Description of the task = Return, word for word, every line starting at the line with "Tree Hollows and Wildlife 418.78 KB" and ending at the final line of the entries; skip the pictures.

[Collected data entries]
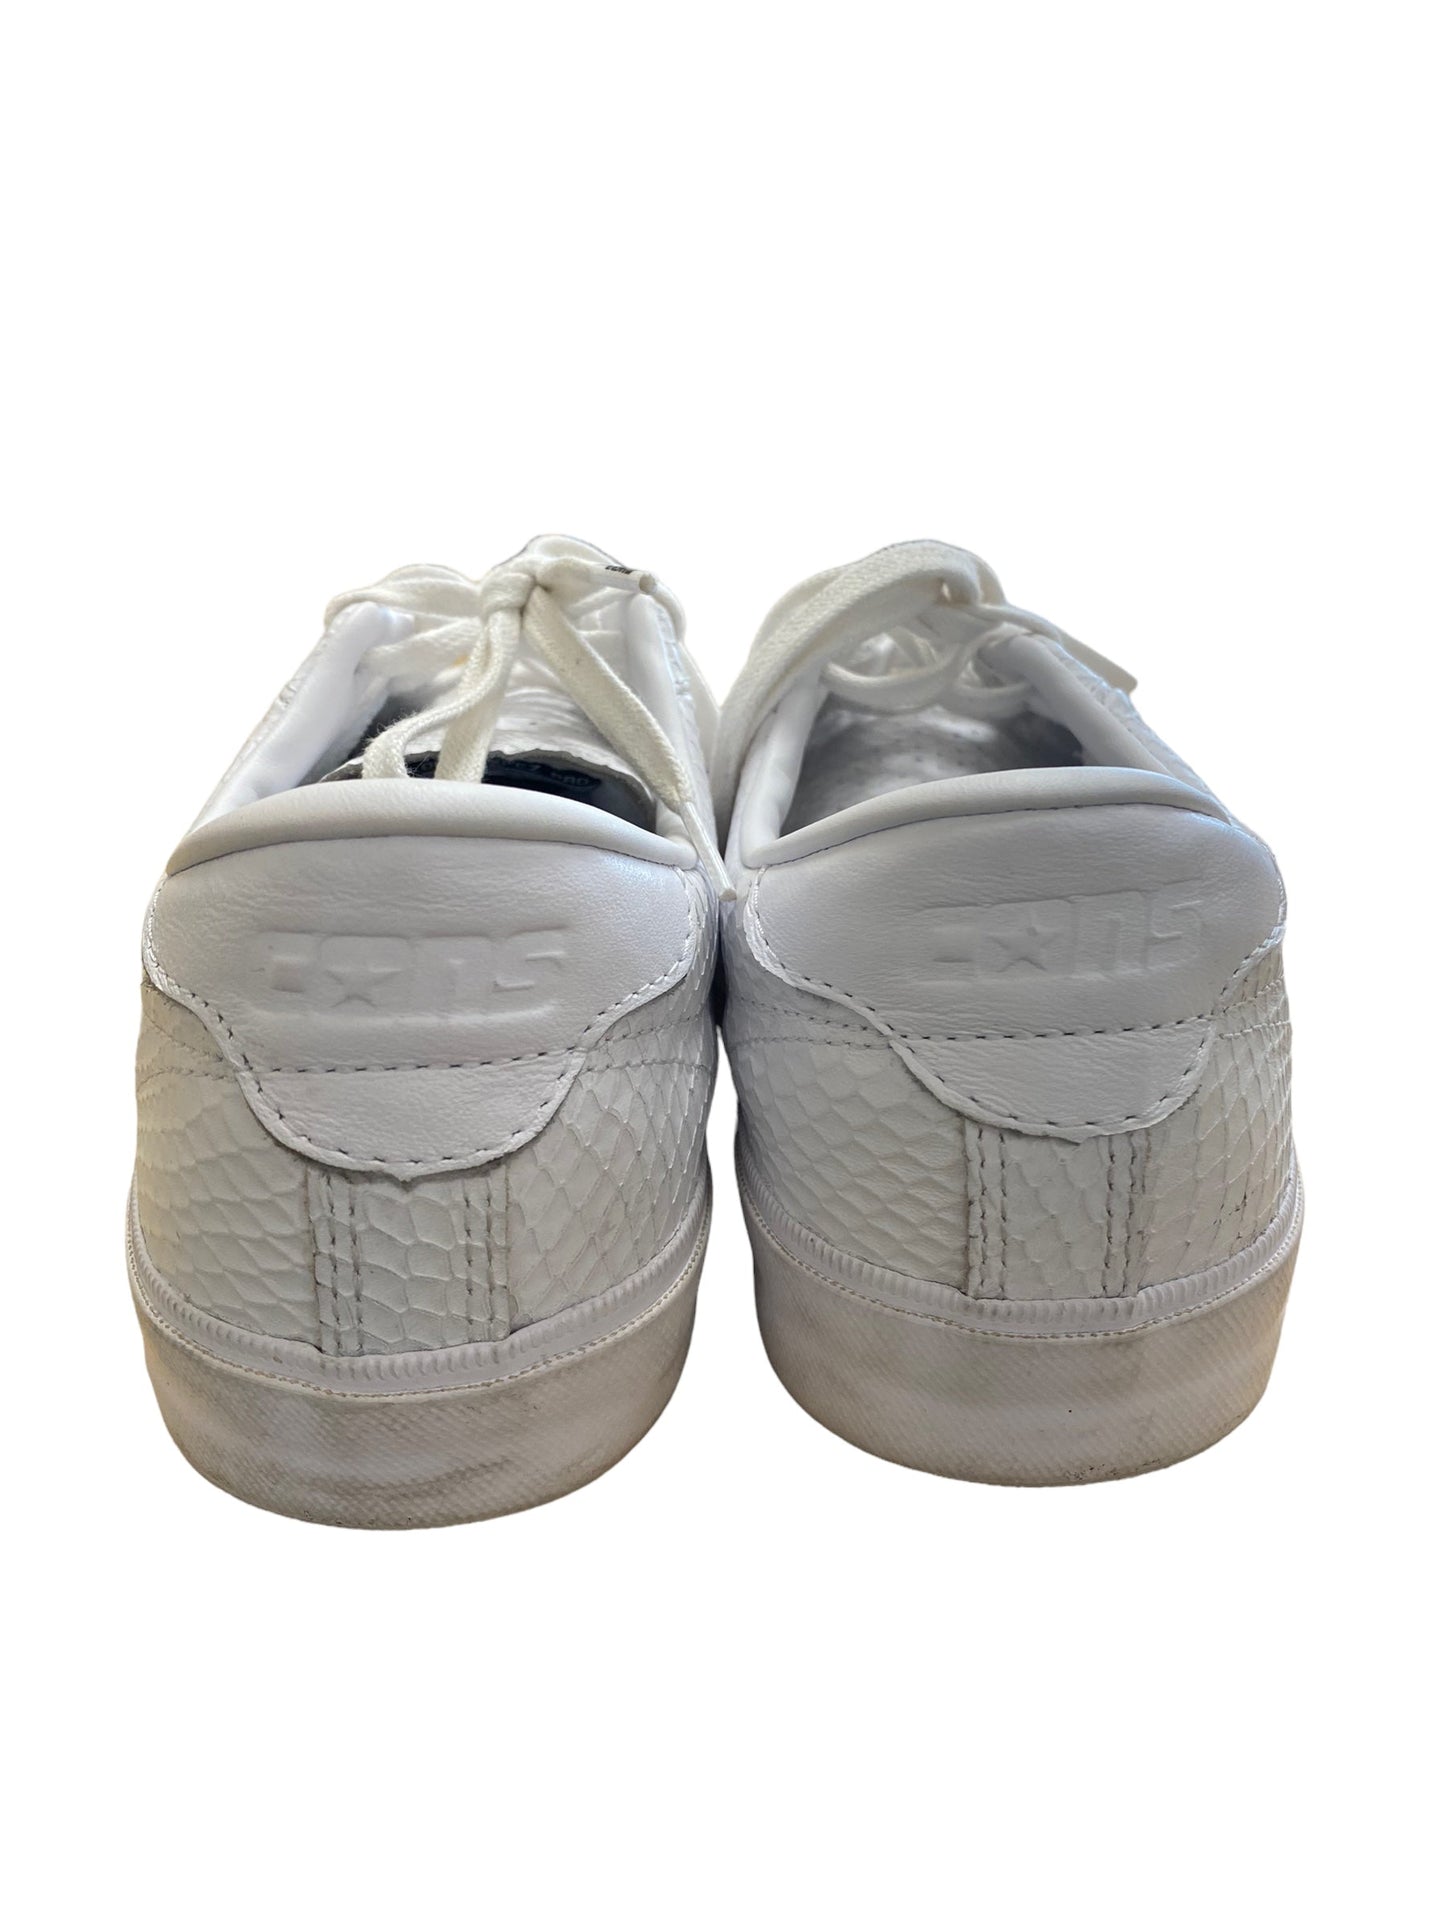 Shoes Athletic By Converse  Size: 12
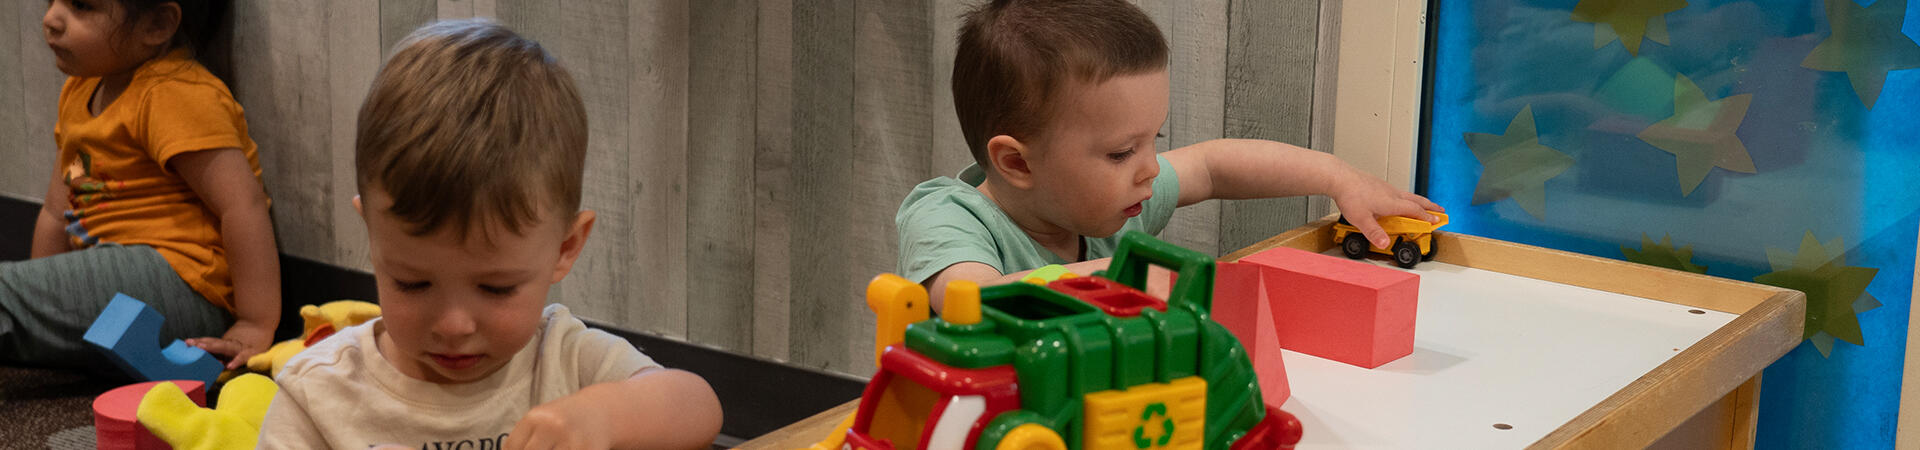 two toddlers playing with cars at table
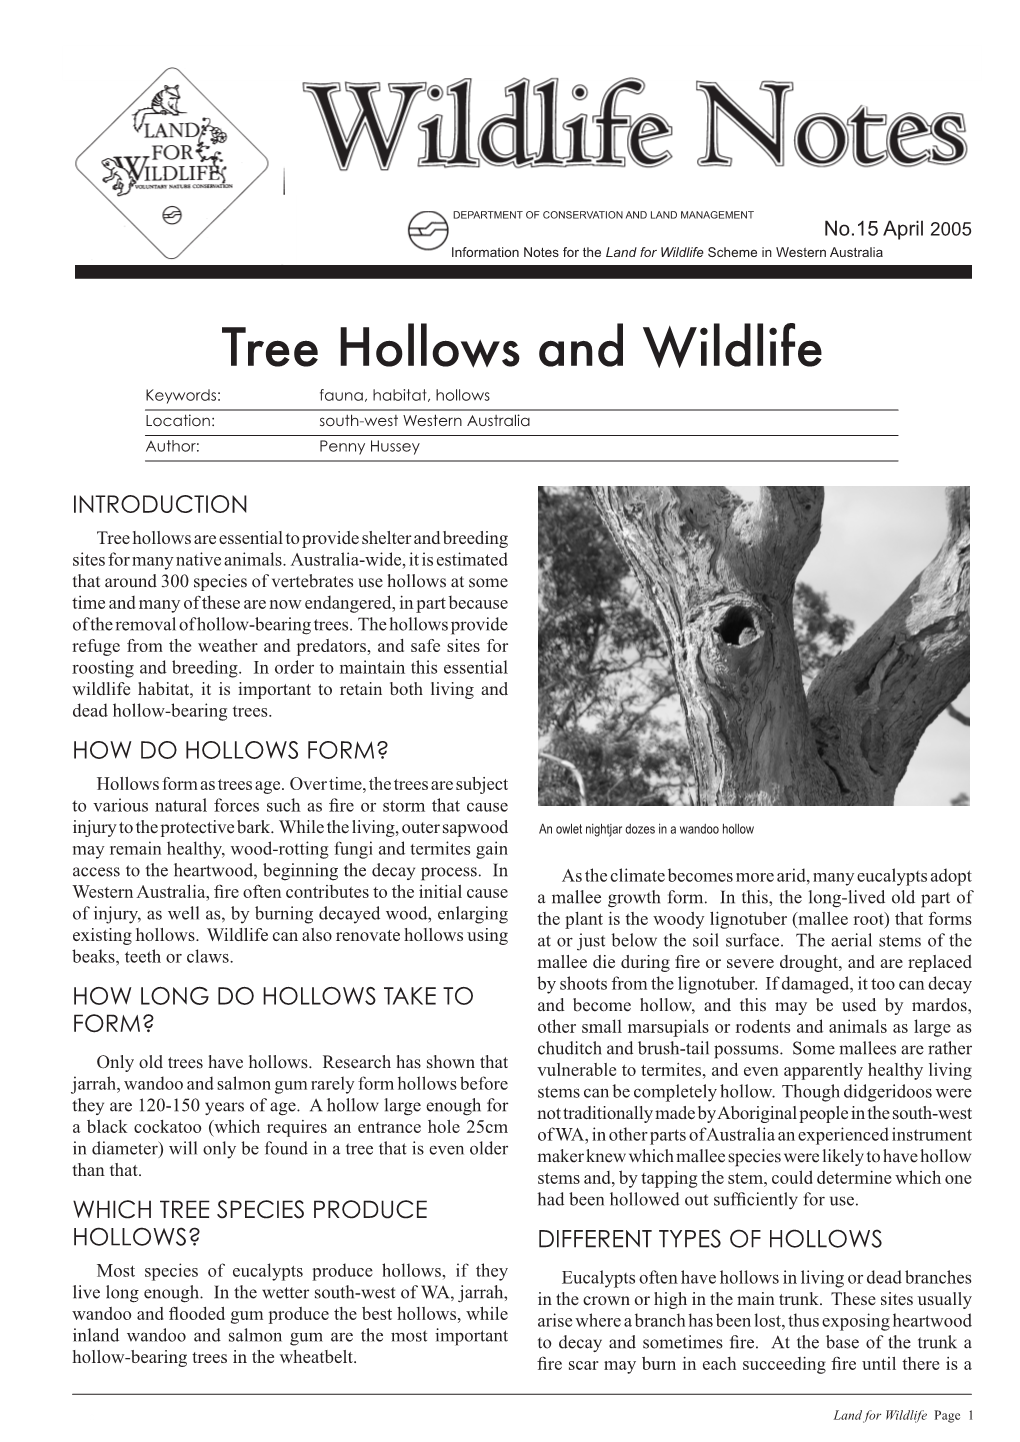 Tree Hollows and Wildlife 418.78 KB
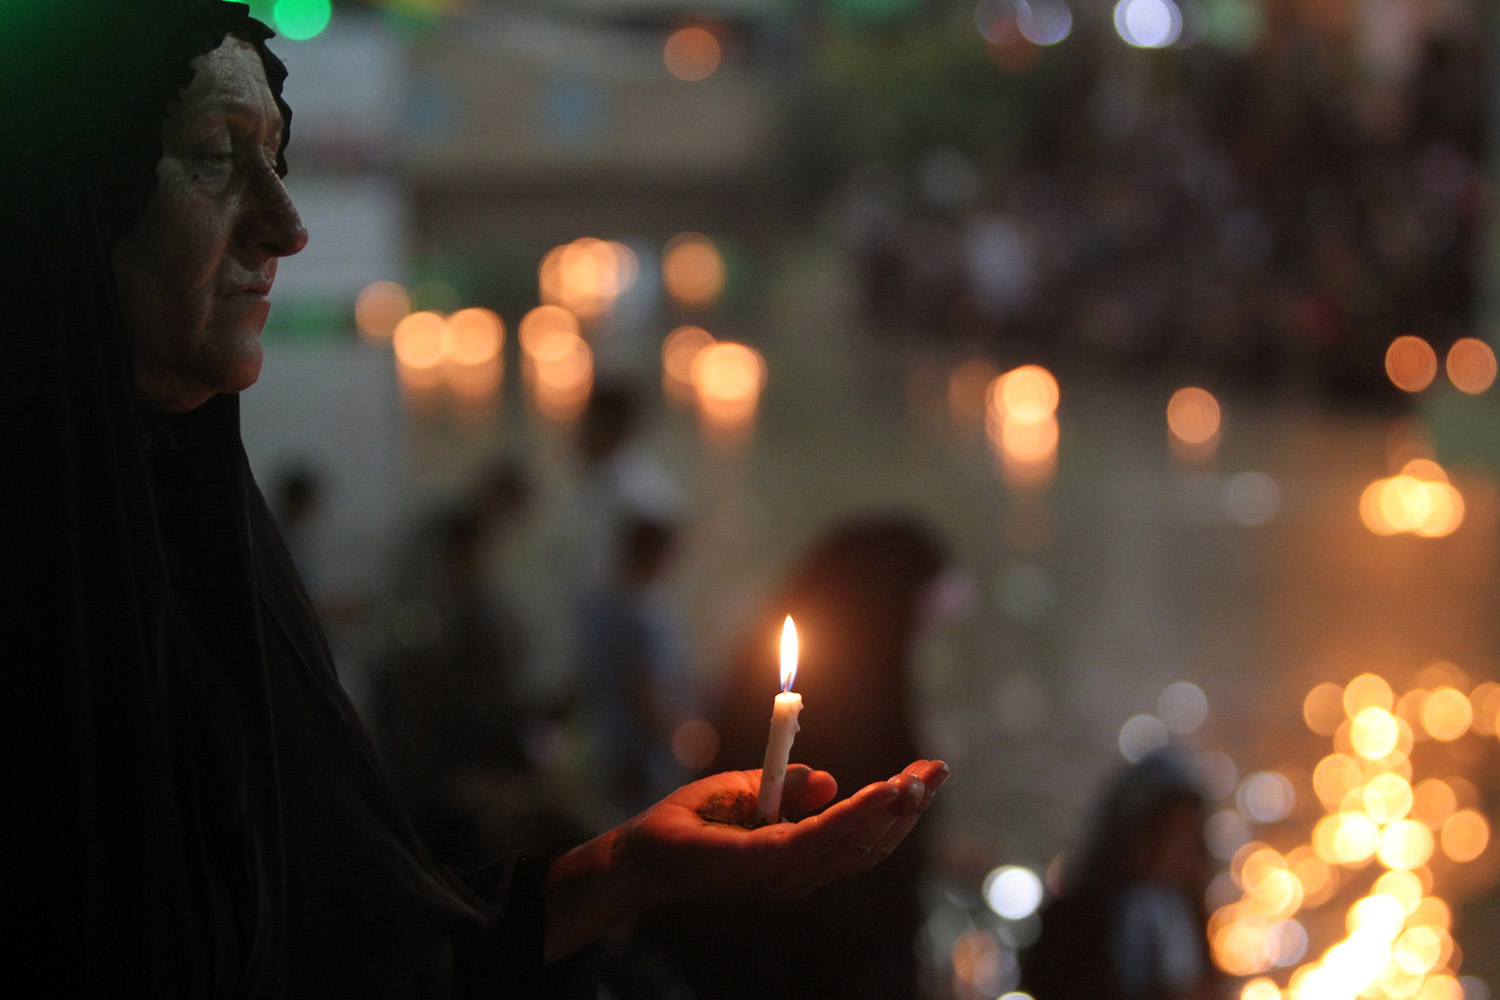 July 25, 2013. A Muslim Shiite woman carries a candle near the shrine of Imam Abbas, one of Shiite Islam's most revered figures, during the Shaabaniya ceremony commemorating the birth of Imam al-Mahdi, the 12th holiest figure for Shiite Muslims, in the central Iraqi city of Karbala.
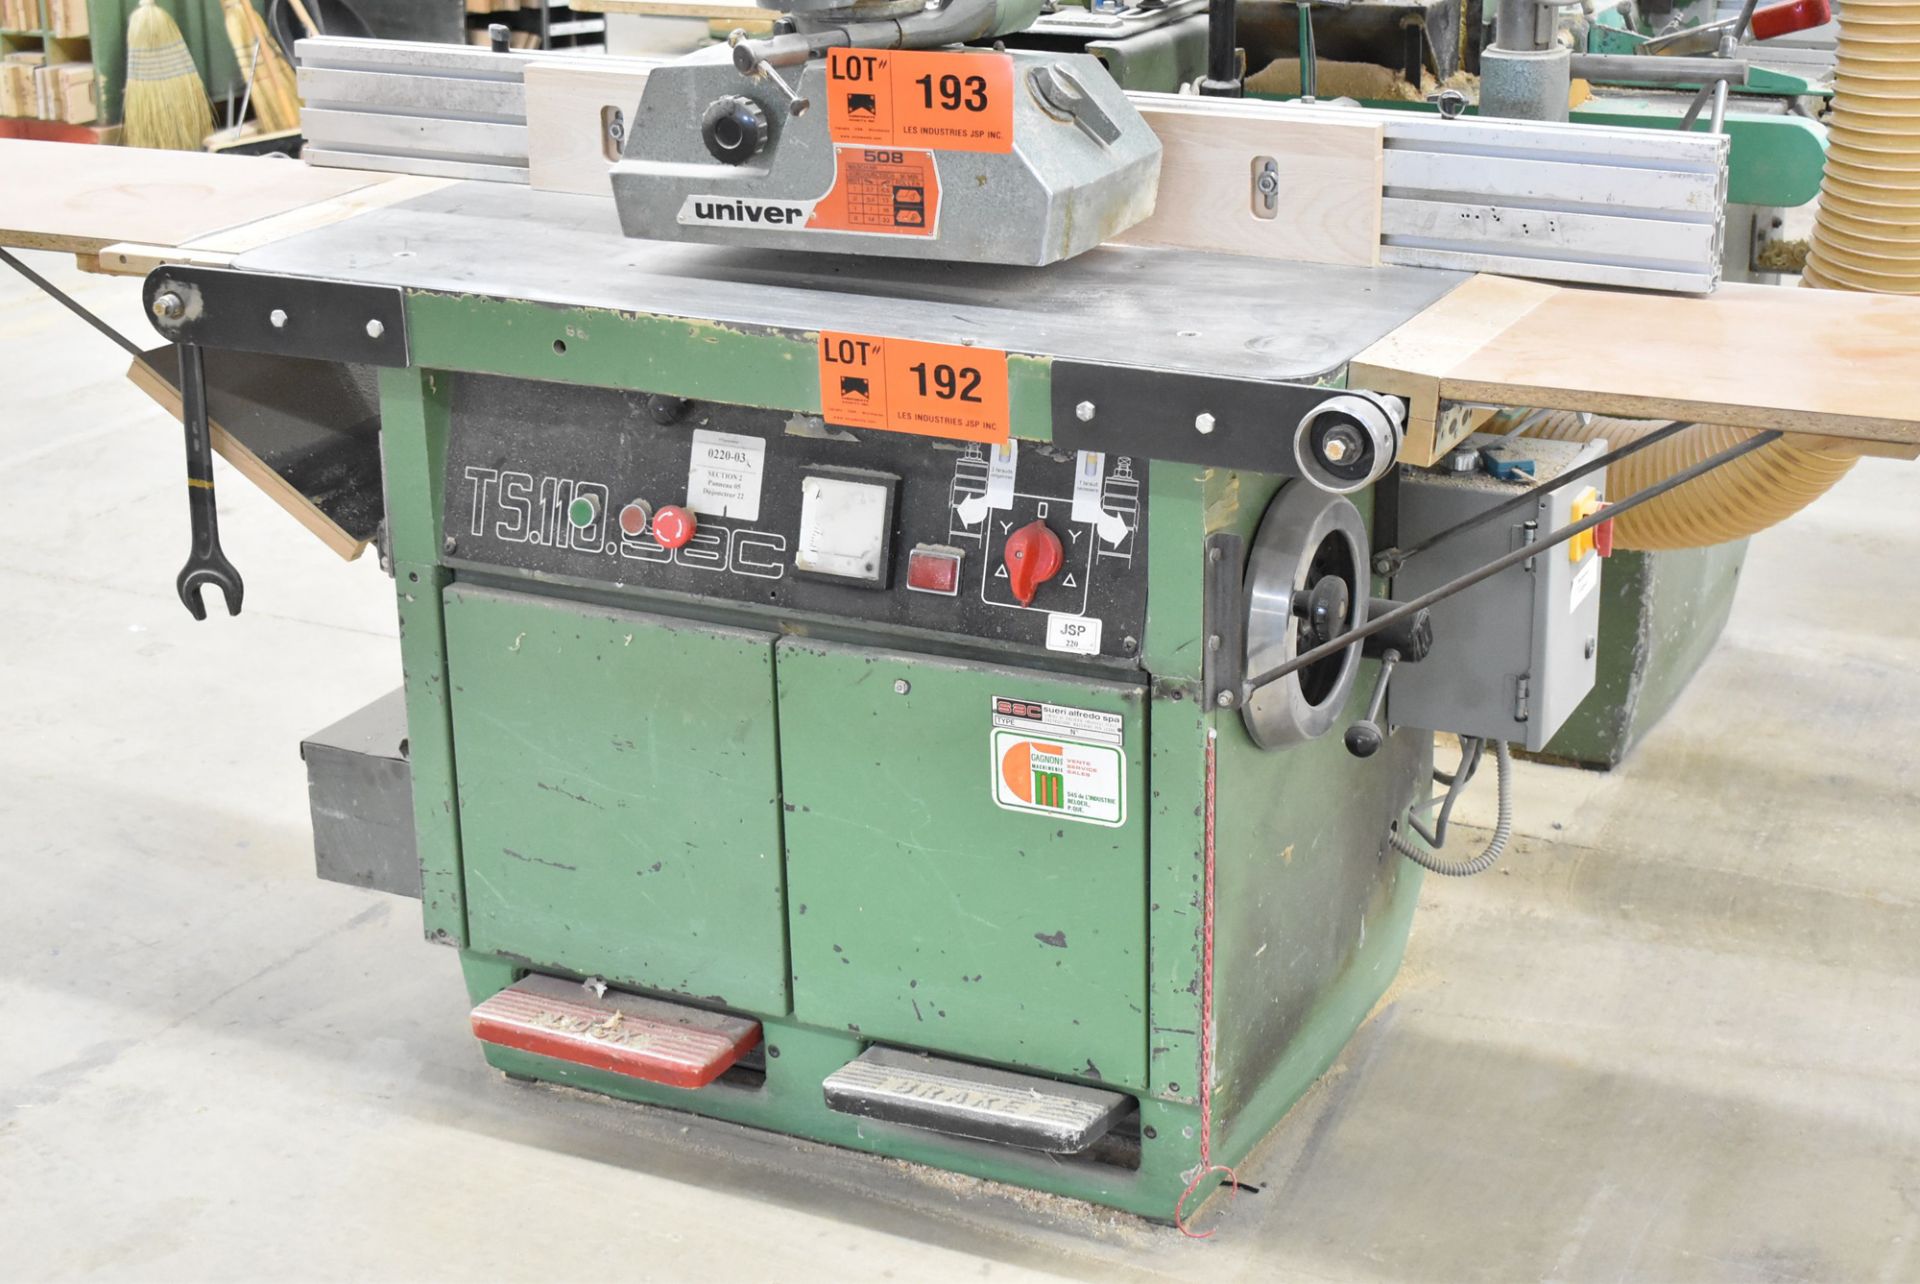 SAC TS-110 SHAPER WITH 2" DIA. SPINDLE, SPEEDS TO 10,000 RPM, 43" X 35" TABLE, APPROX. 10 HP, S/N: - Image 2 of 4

Solution for this exercise =
 Tree Hollows and Wildlife 418.78 KB
 July 25, 2013. A Muslim Shiite woman carries a candle near the shrine of Imam Abbas, one of Shiite Islam's most revered figures, during the Shaabaniya ceremony commemorating the birth of Imam al-Mahdi, the 12th holiest figure for Shiite Muslims, in the central Iraqi city of Karbala.
 SAC TS-110 SHAPER WITH 2" DIA. SPINDLE, SPEEDS TO 10,000 RPM, 43" X 35" TABLE, APPROX. 10 HP, S/N: - Image 2 of 4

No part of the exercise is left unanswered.